§ **Work order**: Check each line of the listing for the string "authors", count the lines that have it, and answer with that number only.

++++++++++++++++++++

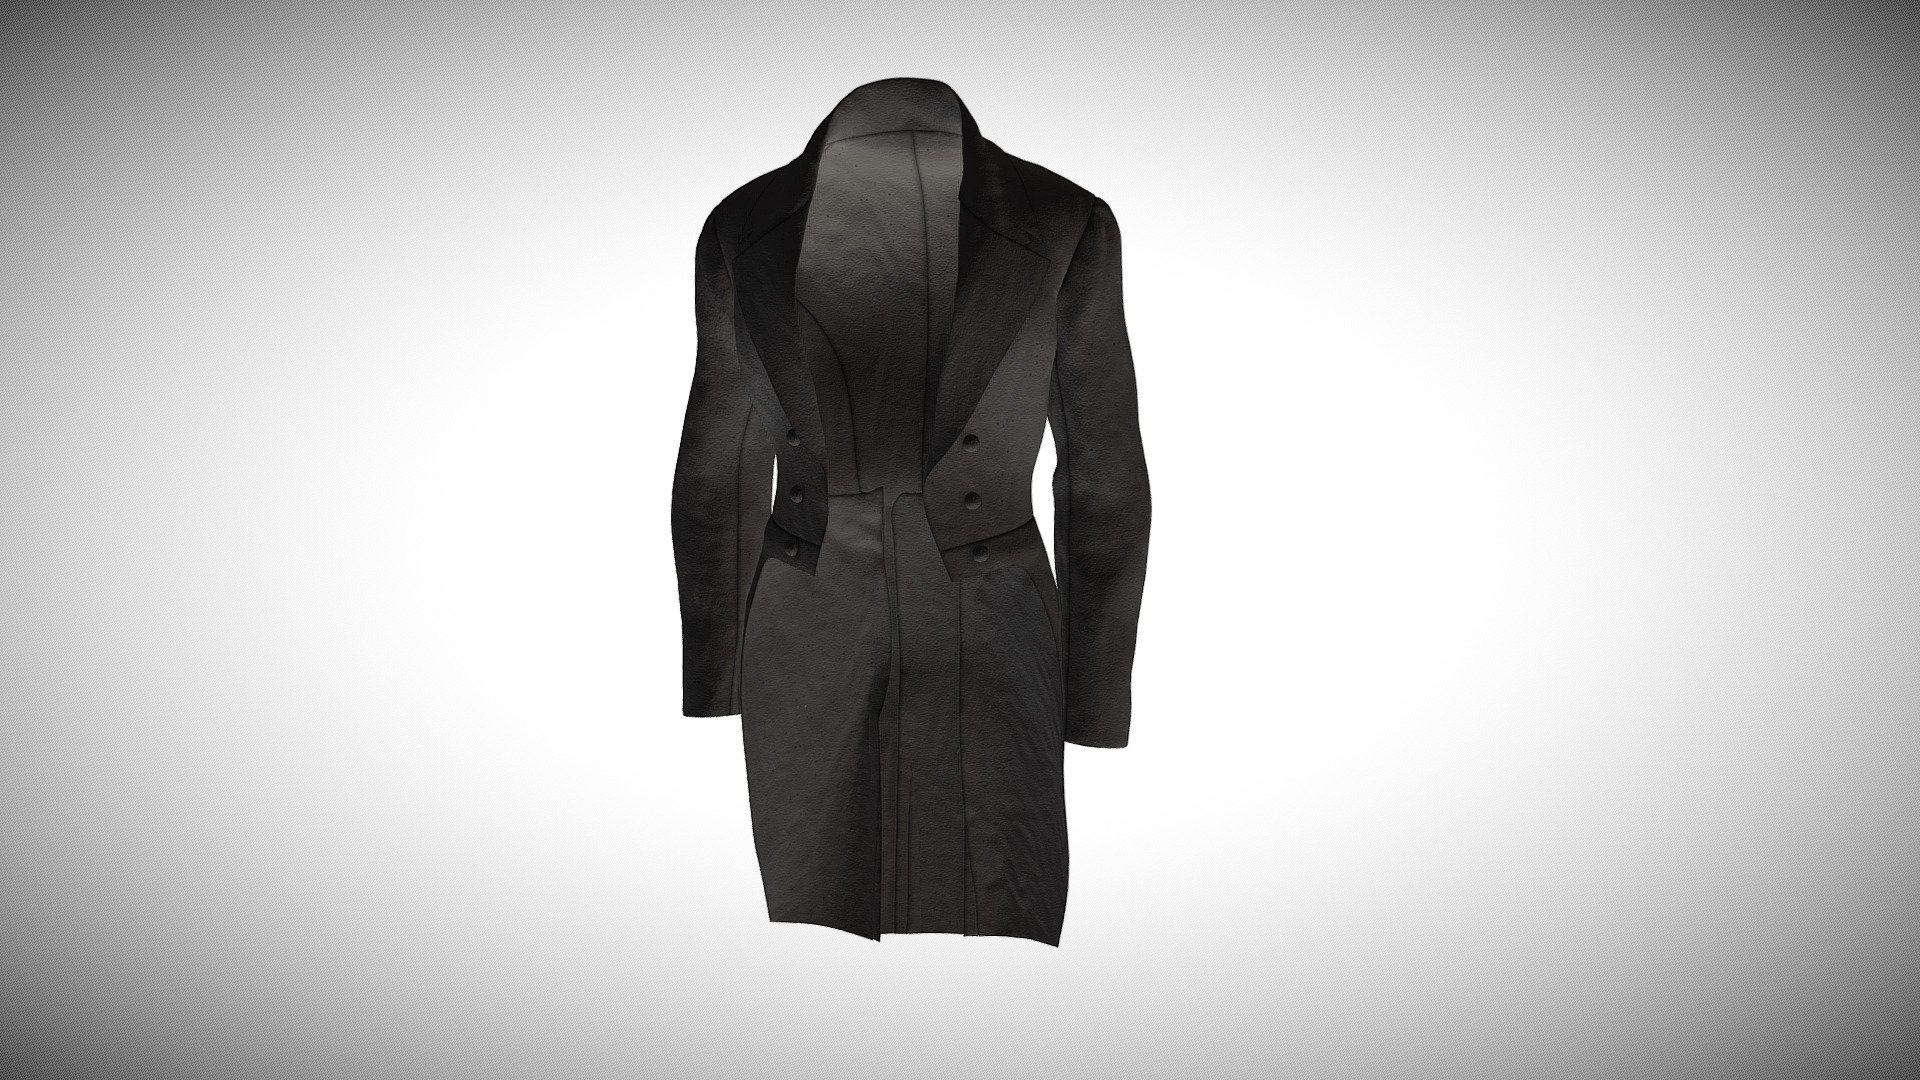 The 3D model presents a digital reconstruction of dress coat (tail coat) dating to 1895. The dress coat is presented in a historical book by S.S. Gordon (1895. The American coat, vest and trousers system. New York, J.J. Mitchell co.). For further details see https://www.academia.edu/36559737/VIRTUAL_RECONSTRUCTION_OF_HISTORICAL_MEN_S_SUIT

The authors of the 3D model are

Aleksei Moskvin https://independent.academia.edu/AlekseiMoskvin

Mariia Moskvina https://independent.academia.edu/MariiaMoskvina

(Saint Petersburg State University of Industrial Technologies and Design)

DOI http://dx.doi.org/10.13140/RG.2.2.36765.79841

The authors thank Prof. Victor Kuzmichev from Ivanovo State Polytechnic University for his important contribution to this reconstruction 3d model
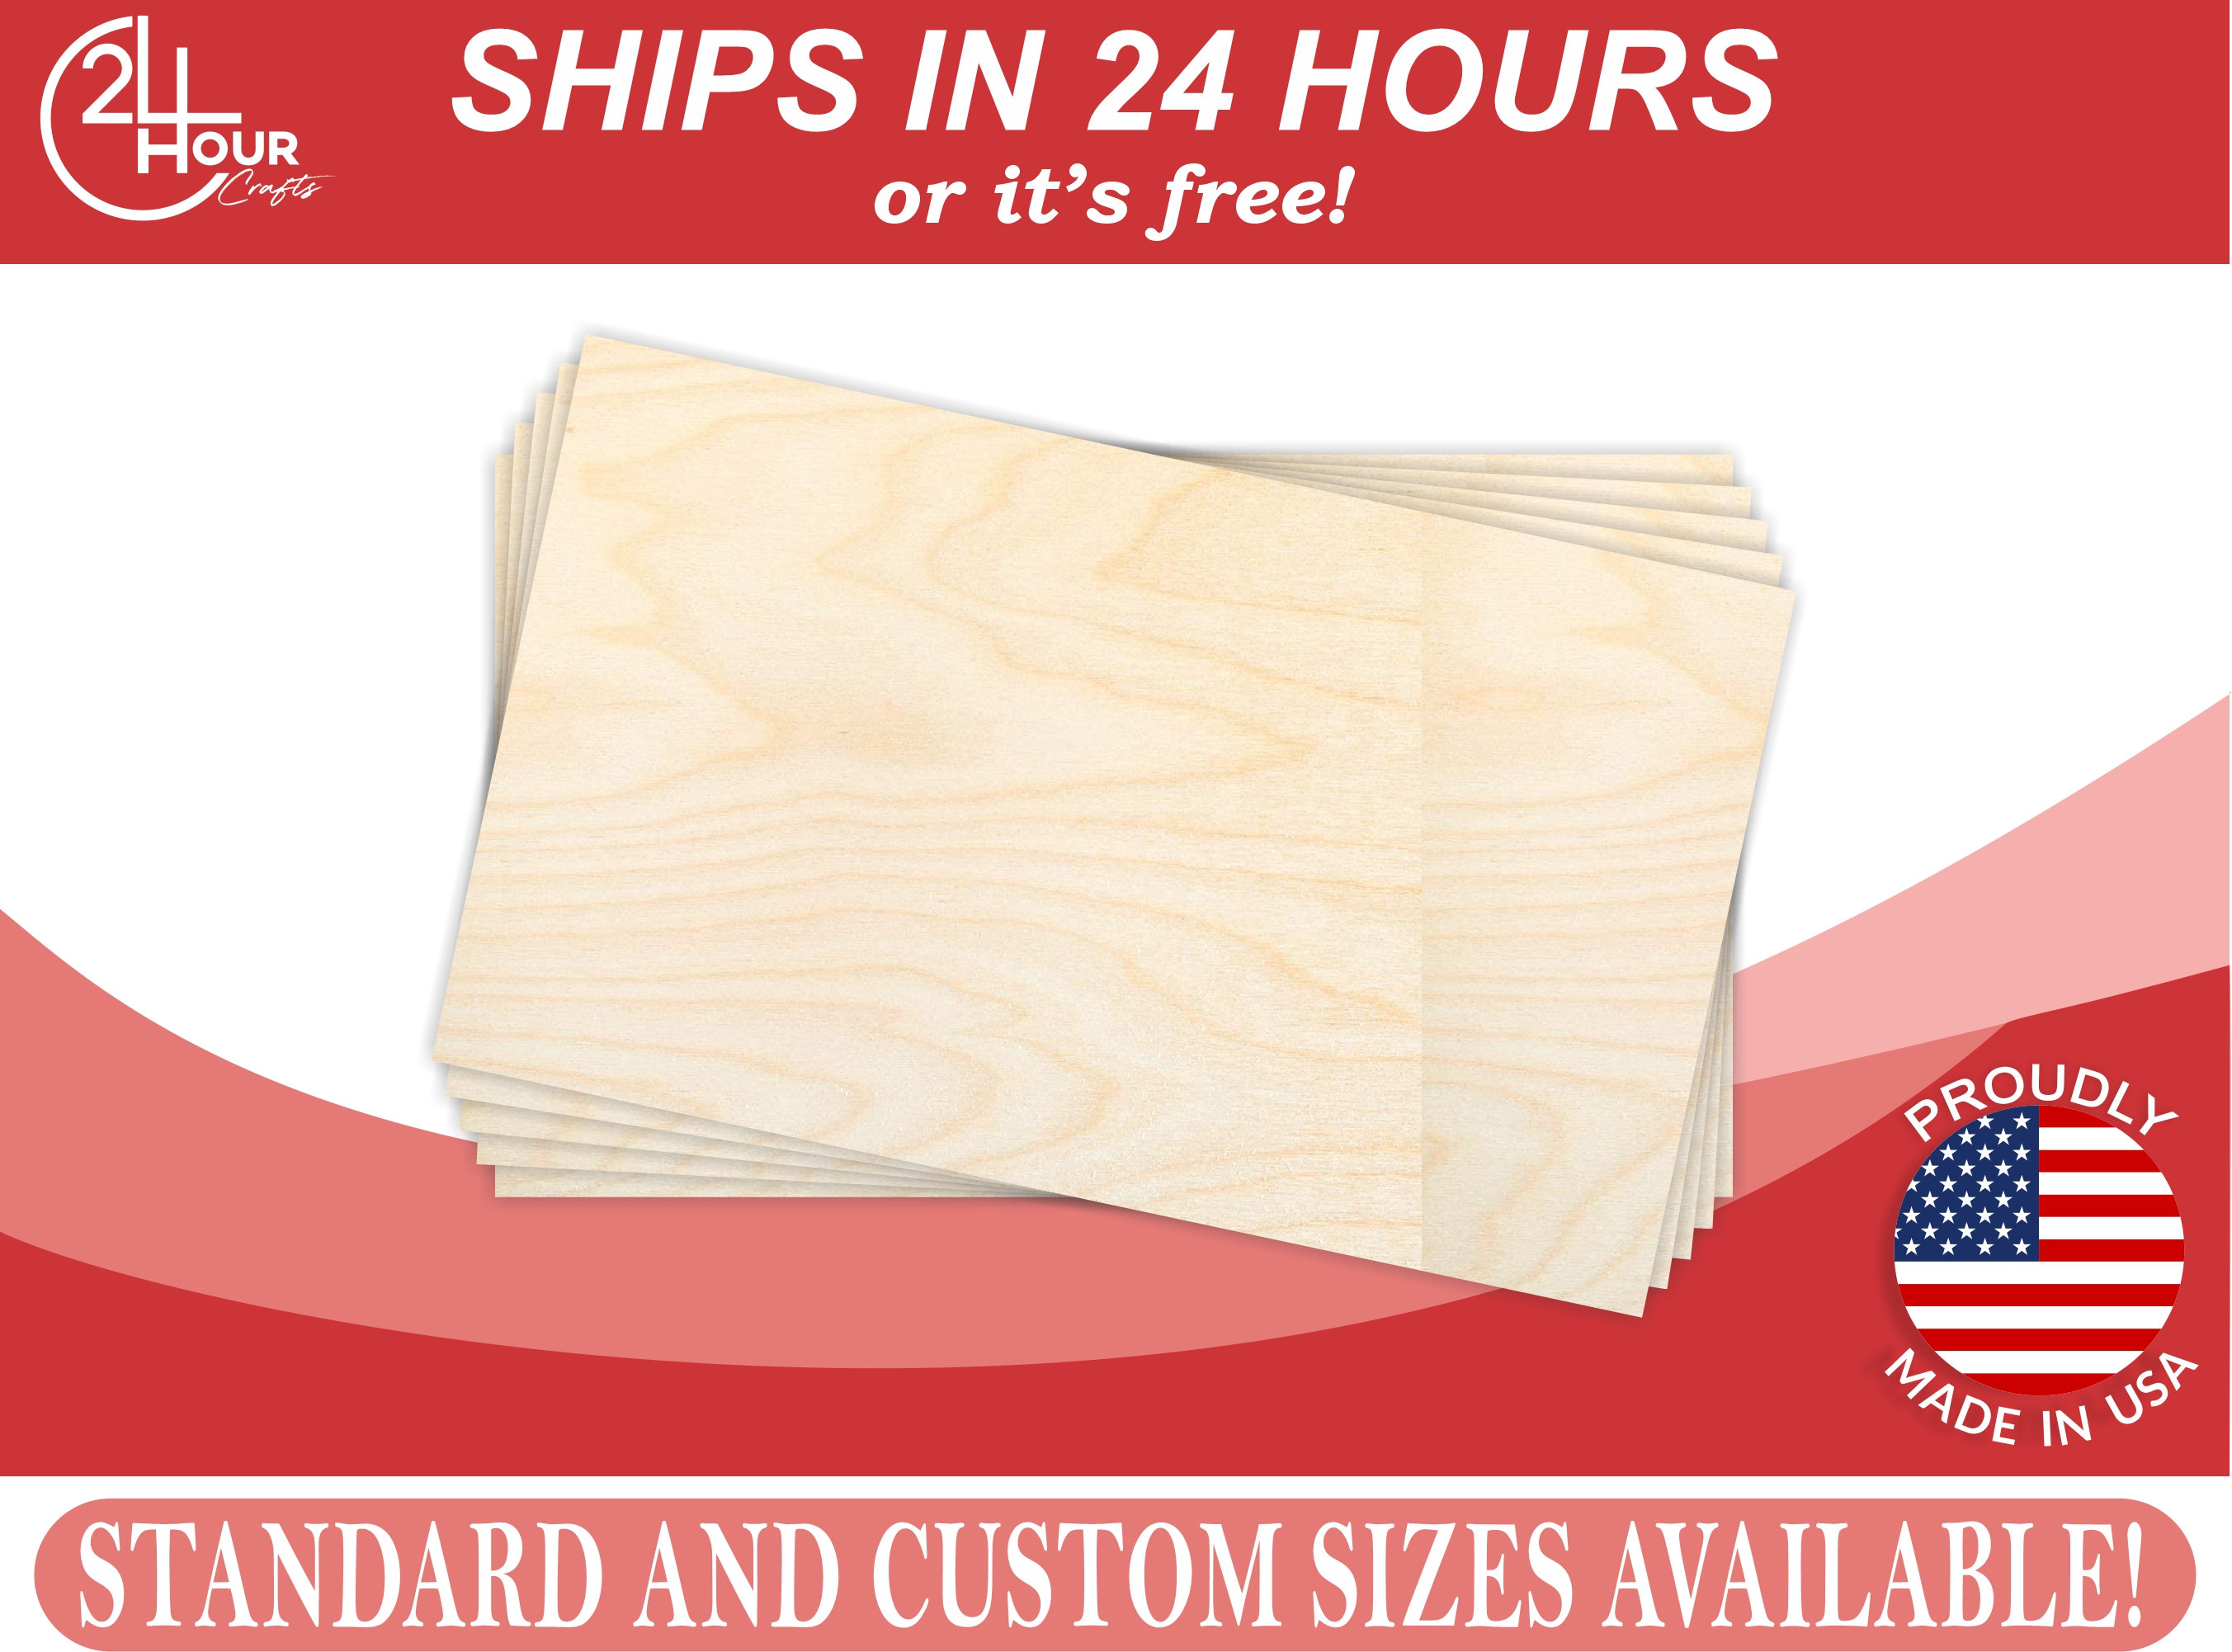 Rapid Slicer - Red - Wholesale - Carton of 24 - Master Pack

++++++++++++++++++++

§ **Response area**: 2